Elastic goods are only bought at certain demand levels. Each time you increase the price, buyer’s desire to purchase the good decreases. If price is too high demand will eventually disappear completely. People prioritize their needs, and elastic goods are quickest on the chopping block. Who’s going to buy a gaming console if it’s suddenly increased from $400 to $400,000 in price?

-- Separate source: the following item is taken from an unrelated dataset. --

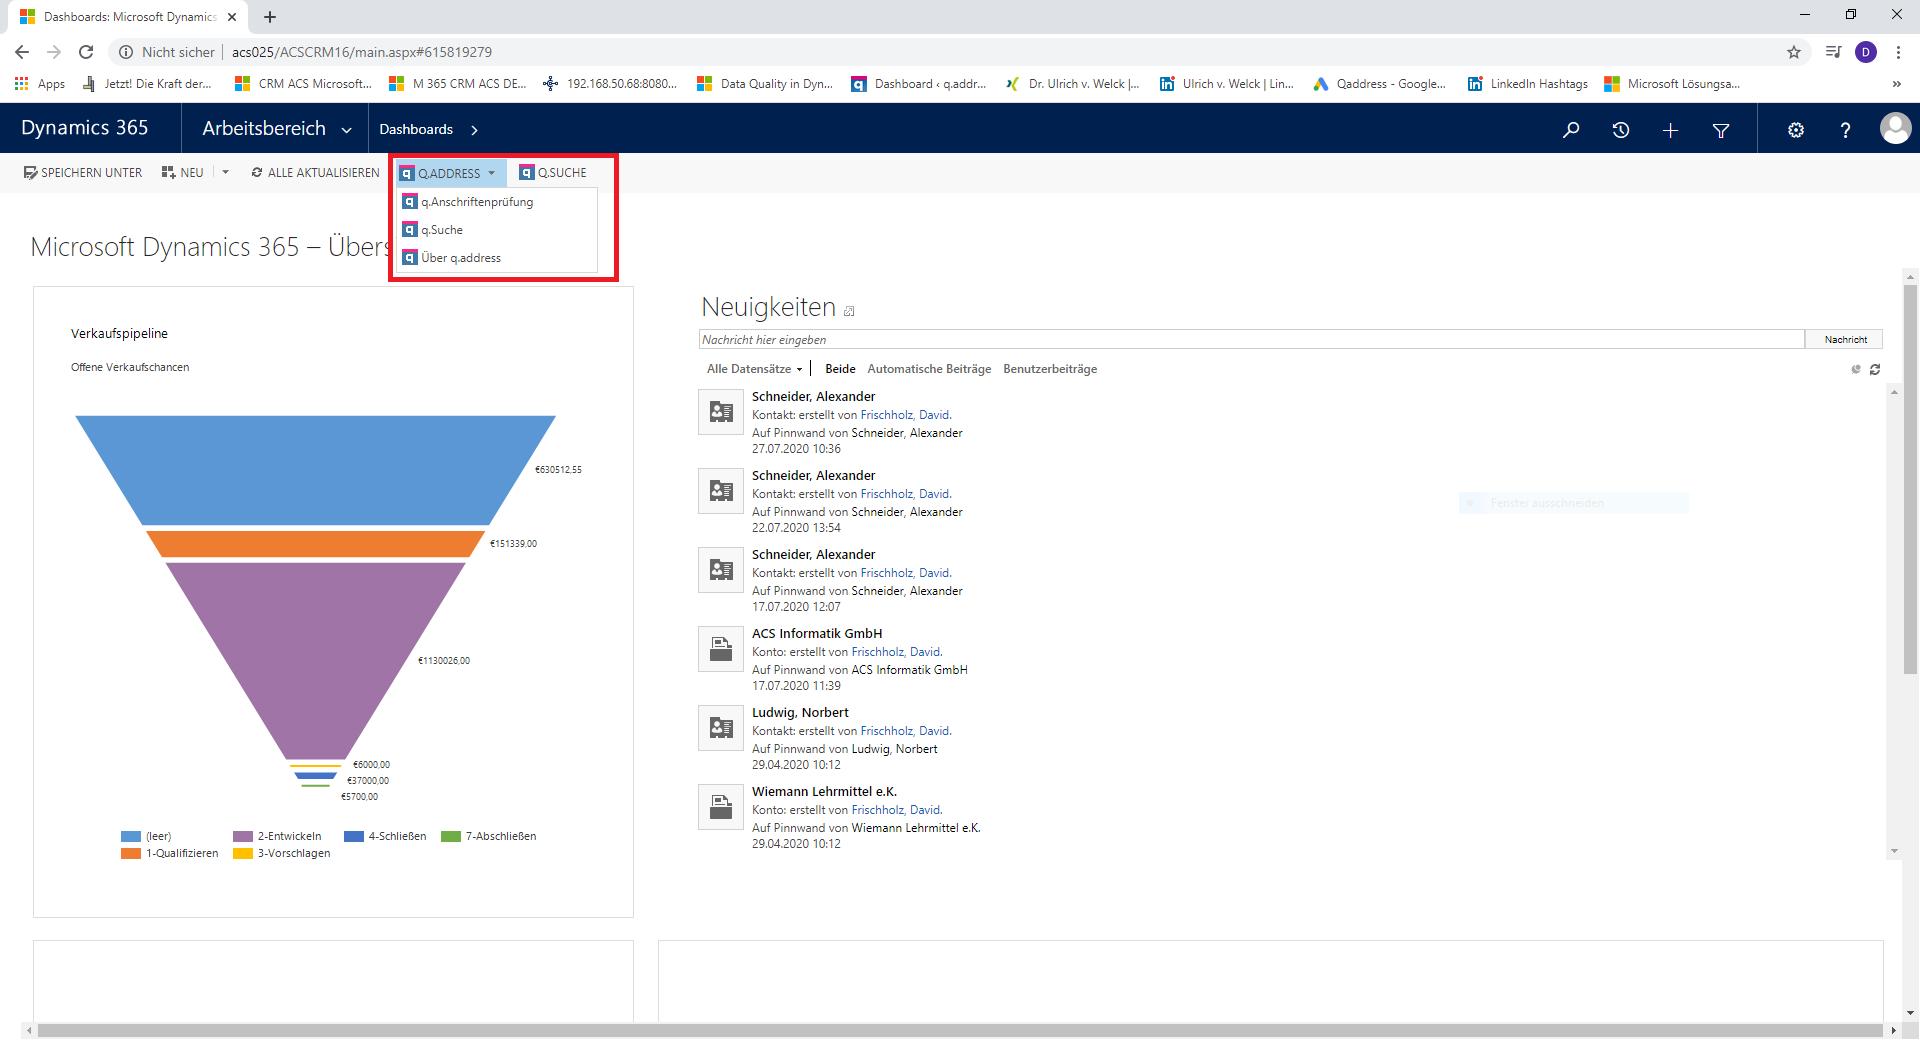 qaddress-Fehlertolerante-Suche-Microsoft-Dynamics-CRM

Inelastic demand functions completely opposite of elastic demand. These goods are always required and changes in price will never reduce demand. Think of food, water, housing, and electricity. If you increase the price, people stop buying elastic goods to afford their purchases of these goods. Increase the price further, they’ll start working overtime. Increase the price even further, and they start selling things they don’t really need to purchase these goods. Few goods are perfectly inelastic. People will tolerate and sacrifice to pay for high rent. At extremely high prices, they’ll simply begin packing their things and looking for a cheaper place to live. People will seek cheaper substitutes for inelastic goods if prices stay too high for a long enough period of time. They’ll use cheaper competitor products. They’ll even start to develop cheaper alternatives. If apples rose to $50 a pound overnight, grapes and bananas would be purchased far more often. Commodities are mostly inelastic. Agricultural products, Metals, and Energy fuels are not things you can simply decide you don’t want to buy anymore, even if you’re forced to buy an alternative from the same category.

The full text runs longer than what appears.